By Geoffrey Smith
Investing.com — Few companies have as much reason to be as grateful to Donald Trump as Ericsson (ST:).
Europe’s largest maker of telecom network equipment seemed on a slow route to junior status, if not quite irrelevance, on the world stage as China’s Huawei swept all before it in the first two decades of the millennium.
However, the U.S. President’s assault on Huawei has changed all that. The Swedish company is enjoying a new lease of life as the U.S. and – slowly – its allies, squeeze the Chinese company out of their vital infrastructure, fearing that it enables and facilitates the rampant and increasingly sophisticated industrial and military espionage practised by Beijing.
That political choice has given Ericsson and its Finnish-based rival Nokia (HE:) an effective duopoly in Europe and a much stronger position in North America, just as operators are having to spend billions on upgrading their networks to the 5G standard.

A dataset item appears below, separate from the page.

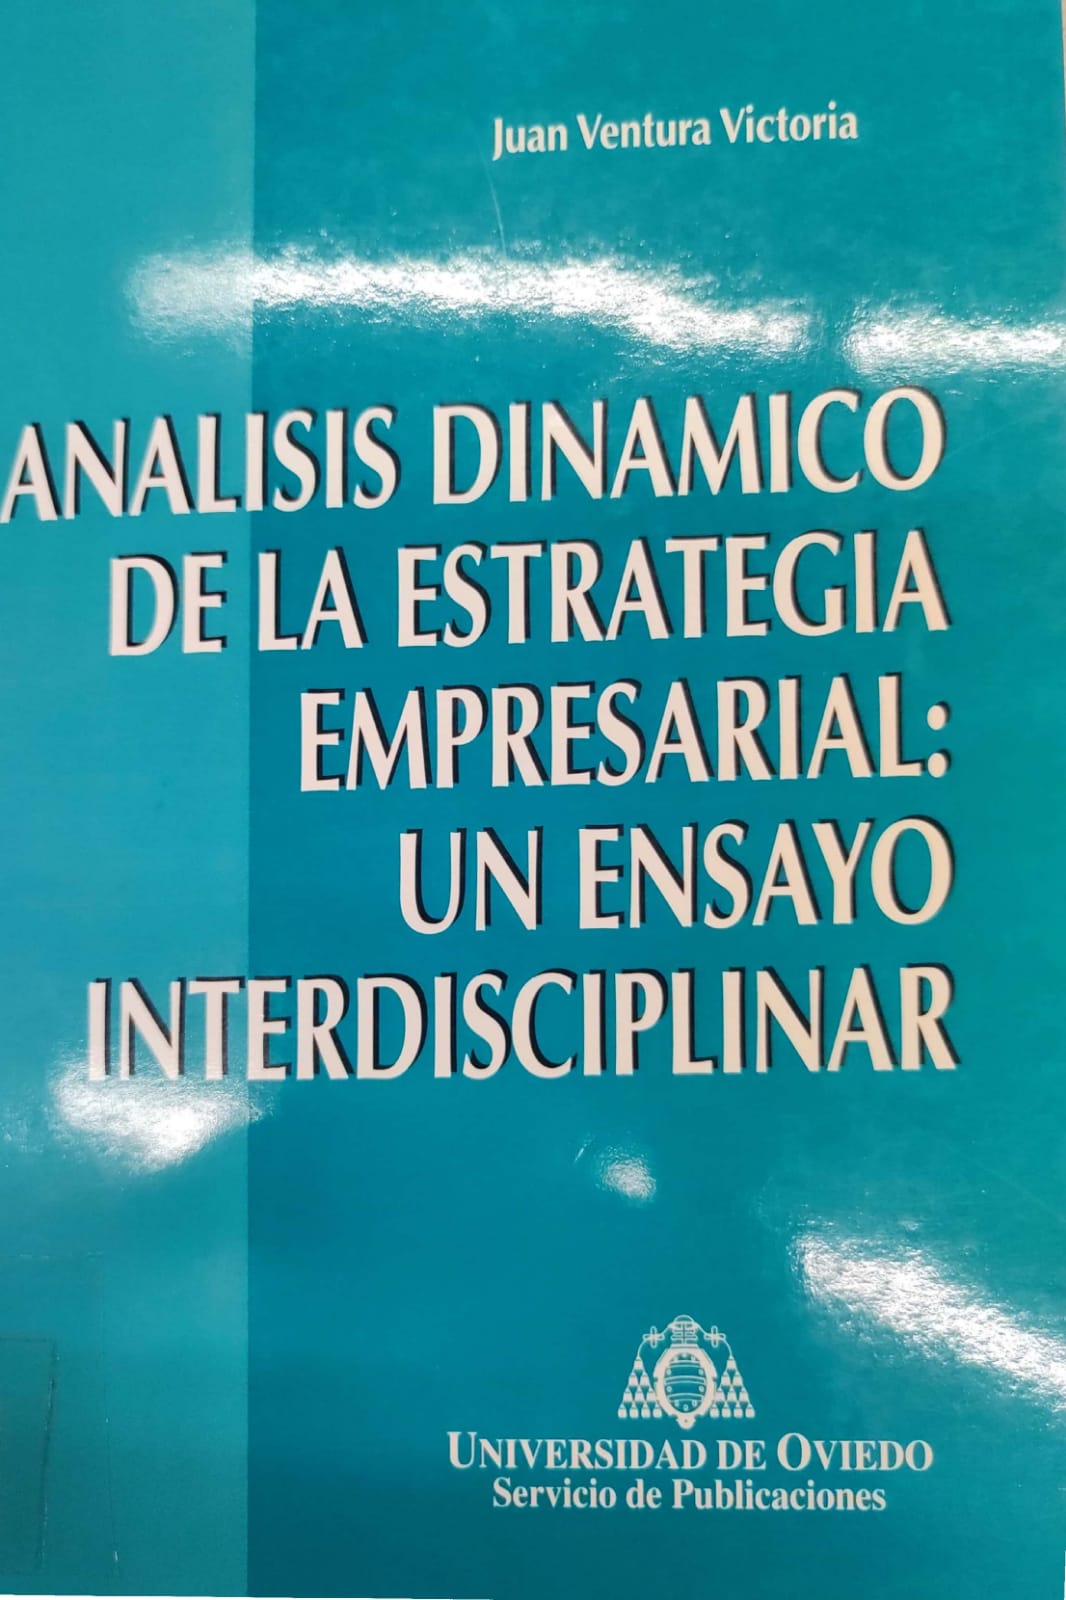 Imagen de portada del libro Análisis dinámico de la estrategia empresarial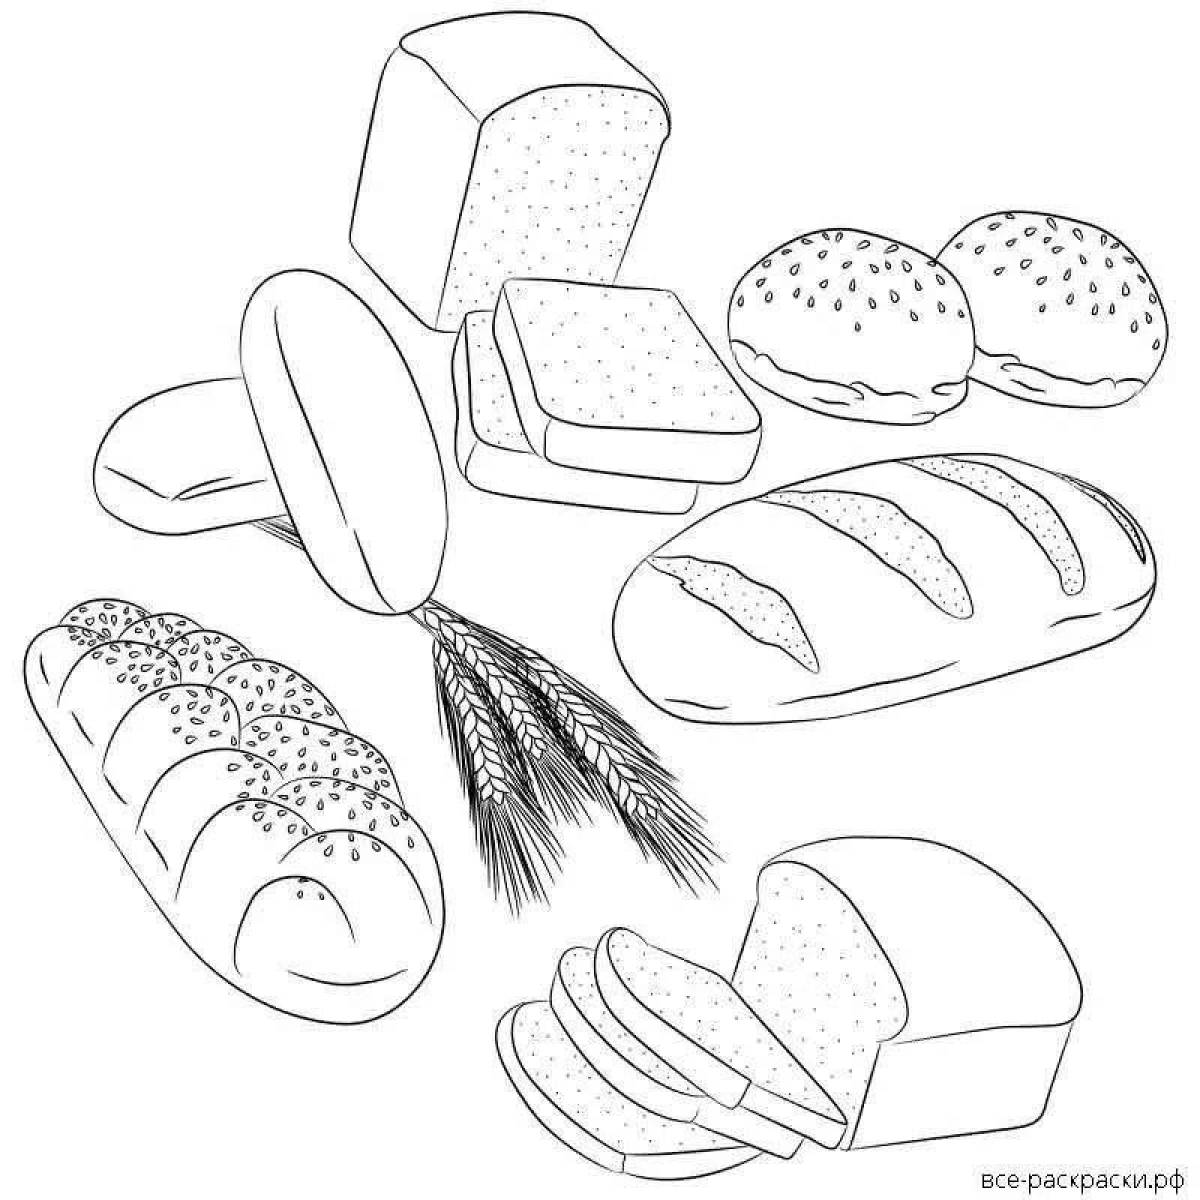 Хлеб раскраска: векторные изображения и иллюстрации, которые можно скачать бесплатно | Freepik

The hallmark of any monopolist or duopolist is margins and, after years of struggle, the easing of competition is having an increasingly clear effect on Ericsson. The company’s operating margin rose to 8.2% from 7.0% a year ago, with a particularly strong expansion in the group’s Digital Services division. The gross margin excluding restructuring charges widened by 1.8 percentage points over the first half, compared to the same period a year ago. Changes in the product mix and the falling away of previous investment costs also helped.
Despite obvious challenges to the business environment, the group recommitted to its target of an operating margin of as much as 12% within two years.
Ericsson stock leaped more than 10% in Stockholm in response to the news on Friday to their highest in over five years.
Naturally, Ericsson has more going for it than the fact that its most feared competitor has been hobbled. The acceleration of the Working From Home will force network operators to roll out more bandwidth to households than they had envisaged, and faster. So far, that appears to be a bigger factor than the drop in demand from offices and other shared spaces.
But the reality is this: a U.S. ally such as the U.K. is forcing network operators to stop buying Huawei kit from 2021, and to replace it entirely in their networks by 2027. BT Group (LON:) reckons this will cost it 500 million pounds ($625 million). Vodafone (LON:) says it could cost billions of pounds. Even allowing for corporate exaggeration and special pleading, it’s clear that Huawei’s loss is someone else’s gain. In many – perhaps most – cases, that someone will be Ericsson, probably for years to come.
Small wonder that Ericsson’s shares are up 18% year-to-date, while Nokia’s are up 14%.